COMPANY_FILE_MAP = {
    "EMS": "EMS",
    "快包": "邮政",
    "中通": "中通",
    "圆通": "圆通",
    "极兔": "极兔",
    "申通": "申通",
    "韵达": "韵达",
    "顺丰": "顺丰",
    "京东": "京东",
    "德邦": "德邦",
}
# 用于行业对比的公司列表，明确排除'快包'
COMPANIES_FOR_INDUSTRY_COMPARISON = [c for c in COMPANY_FILE_MAP.keys() if c != "快包"]

METRICS_OF_INTEREST = ["寄出地处理时限", "运输时限", "寄达地处理时限", "投递时限"]
CITY_SHEET_METRICS = ["寄出地处理时限", "寄达地处理时限", "投递时限"]
COMPANY_COL, RANK_SUFFIX, SHEET_NAME = "企业名称", "-排名", "线路详细数据"


# --- 2. 辅助函数 ---
def read_data_from_folder(folder_path, sheet_name=SHEET_NAME, company_col=COMPANY_COL):
    if not folder_path or not folder_path.is_dir():
        return pd.DataFrame()
    files_to_read = list(folder_path.glob("*.xlsx"))
    if not files_to_read:
        return pd.DataFrame()
    df_list = []
    for f_path in files_to_read:
        company_name_standard = next(
            (
                std_name
                for std_name, prefix in COMPANY_FILE_MAP.items()
                if prefix in f_path.name
            ),
            None,
        )
        if not company_name_standard:
            continue
        try:
            df = pd.read_excel(
                f_path,
                sheet_name=sheet_name,
                usecols=["寄出城市", "寄达城市"] + METRICS_OF_INTEREST,
            )
            df[company_col] = company_name_standard
            df_list.append(df)
        except Exception:
            continue
    if not df_list:
        return pd.DataFrame()
    return pd.concat(df_list, ignore_index=True)

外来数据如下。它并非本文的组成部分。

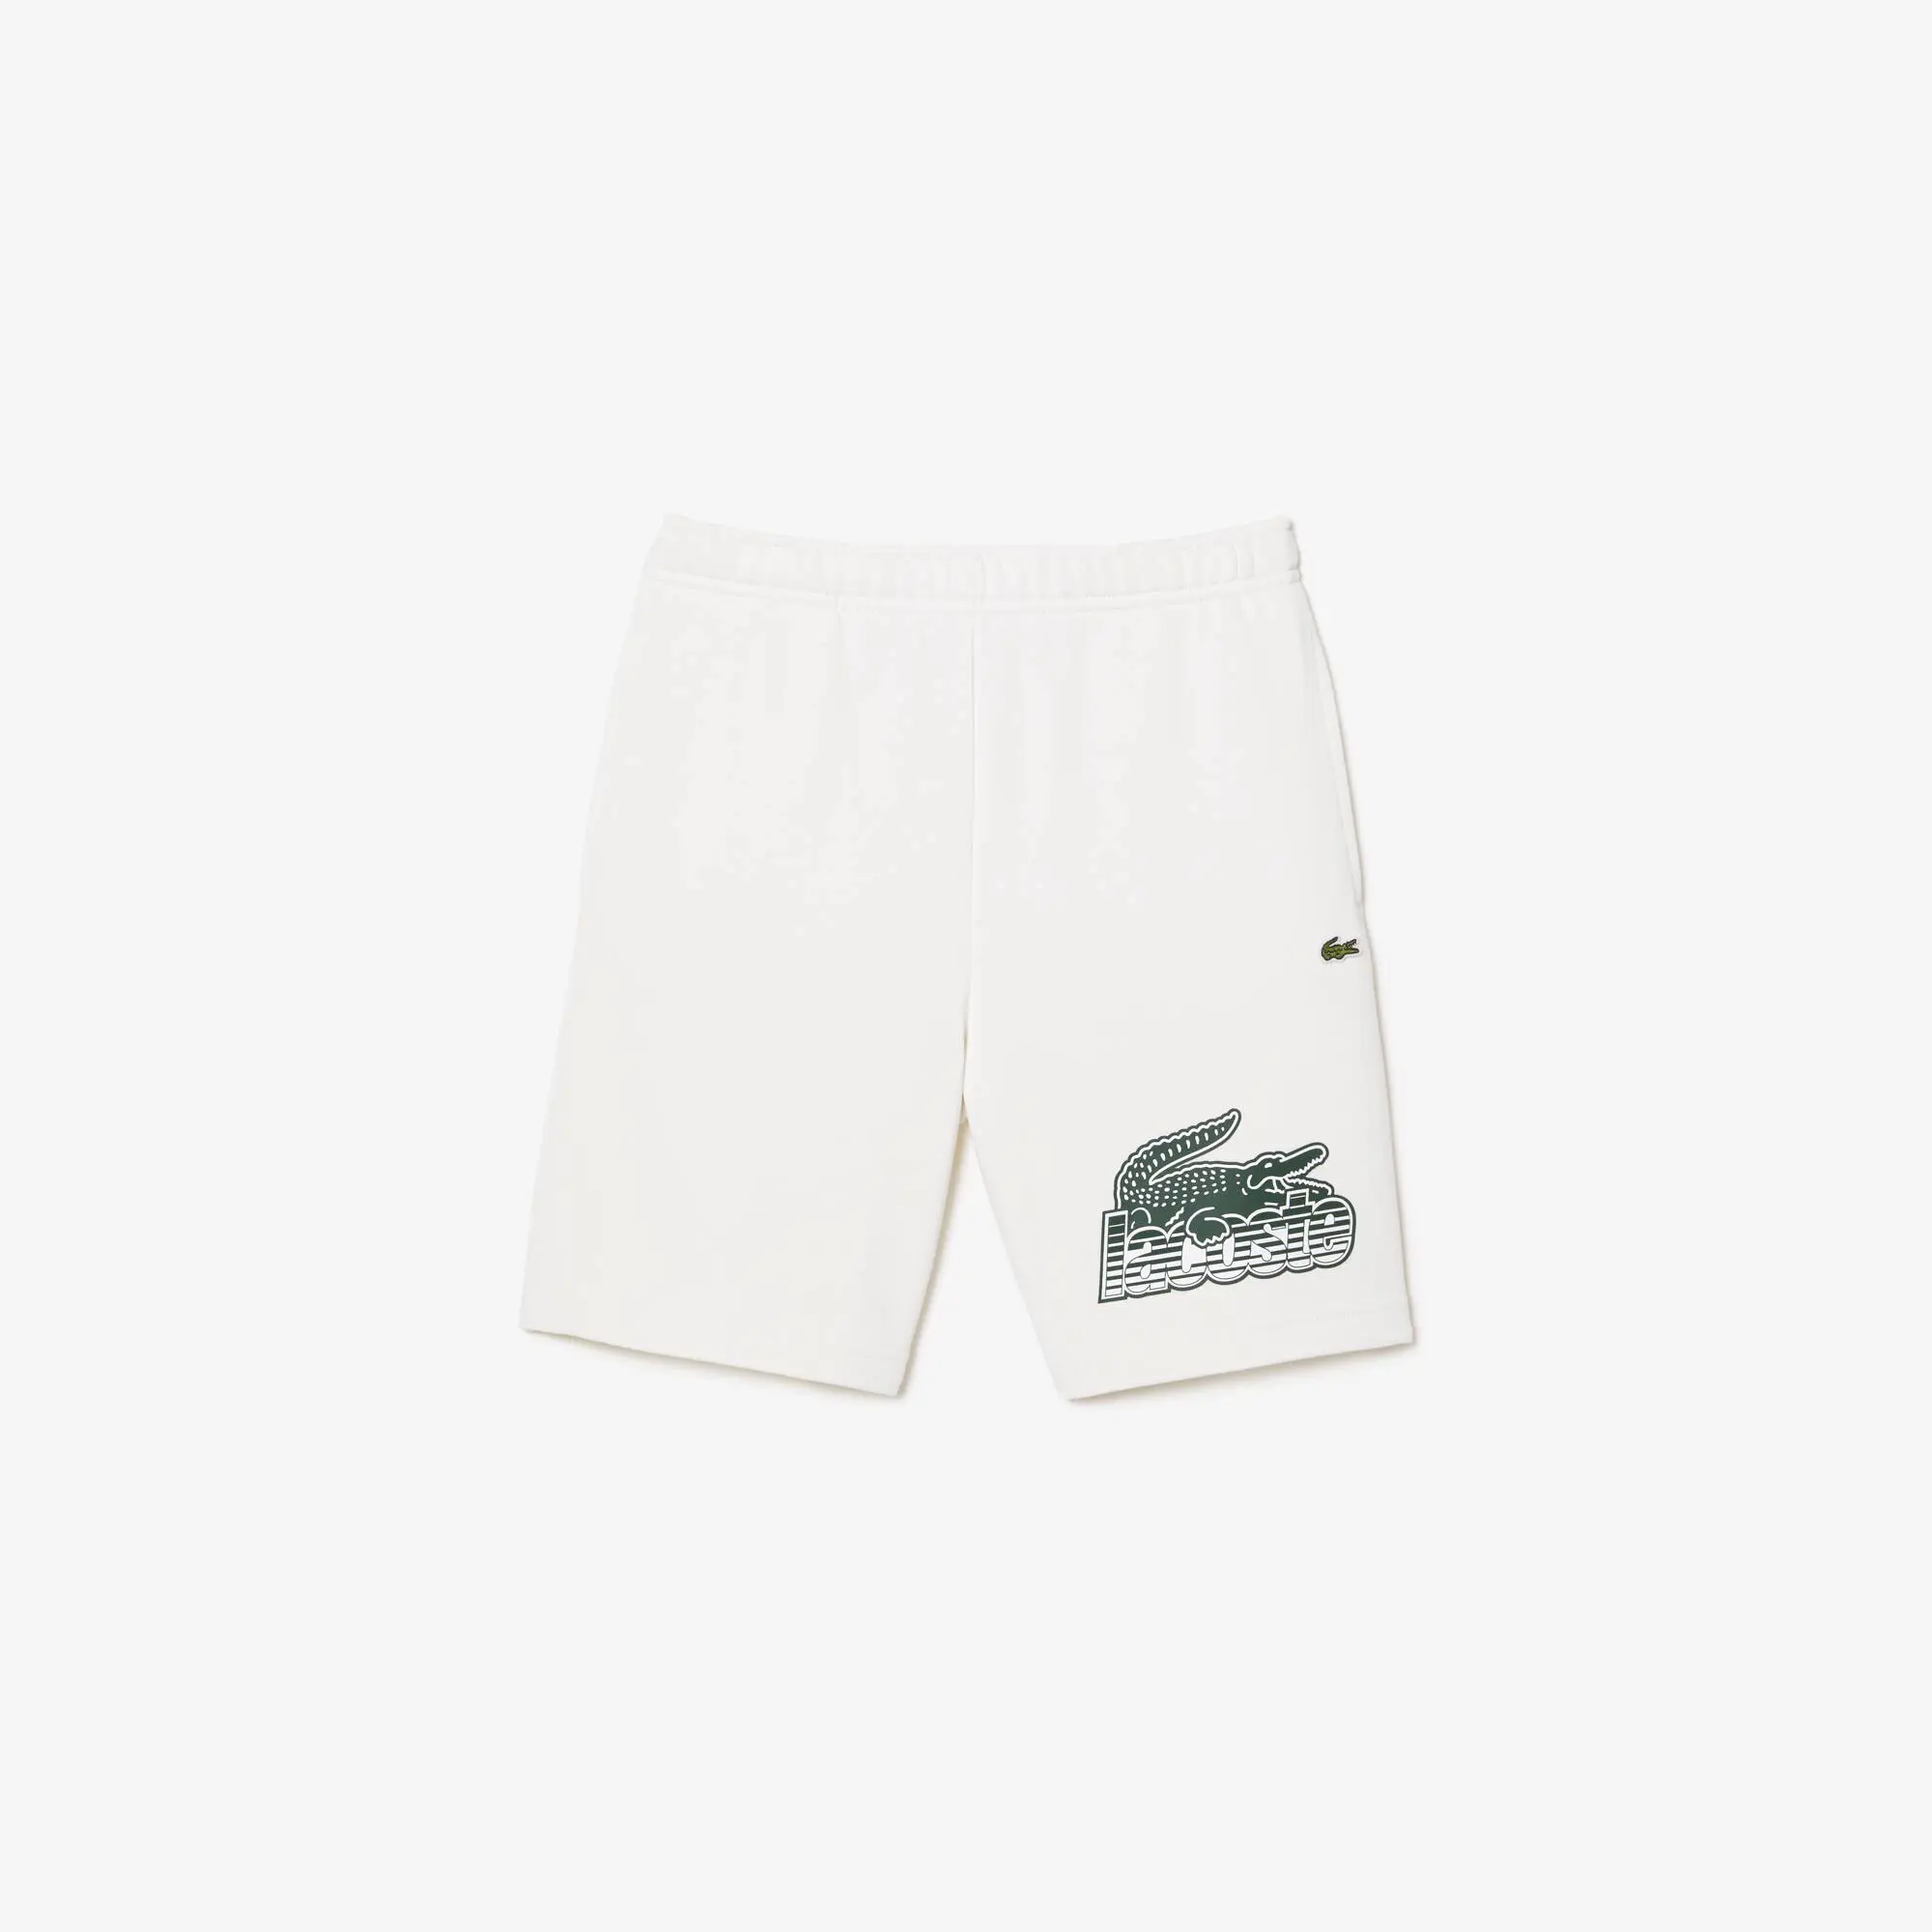 Lacoste Pantaloni corti da bambino con stampa a contrasto con logo Lacoste. 2

def calculate_special_ranks(df):
    if df.empty:
        return df
    for metric in METRICS_OF_INTEREST:
        rank_col = f"{metric}{RANK_SUFFIX}"
        df[rank_col] = np.nan
        if "EMS" in df.index:
            df_for_ems = df.drop(index="快包", errors="ignore")
            df.loc["EMS", rank_col] = (
                df_for_ems[metric].rank(method="min", ascending=True).get("EMS")
            )
        if "快包" in df.index:
            df_for_kuai = df.drop(index="EMS", errors="ignore")
            df.loc["快包", rank_col] = (
                df_for_kuai[metric].rank(method="min", ascending=True).get("快包")
            )
    return df


# --- 3. 生成城市维度对比表的函数 ---
def create_city_comparison_sheet(
    company_name: str, df_current_raw, df_mom_raw, df_yoy_raw
):
    print(f"  - 正在为 '{company_name}' 生成城市维度数据...")
    origin_metric, dest_metrics = ["寄出地处理时限"], ["寄达地处理时限", "投递时限"]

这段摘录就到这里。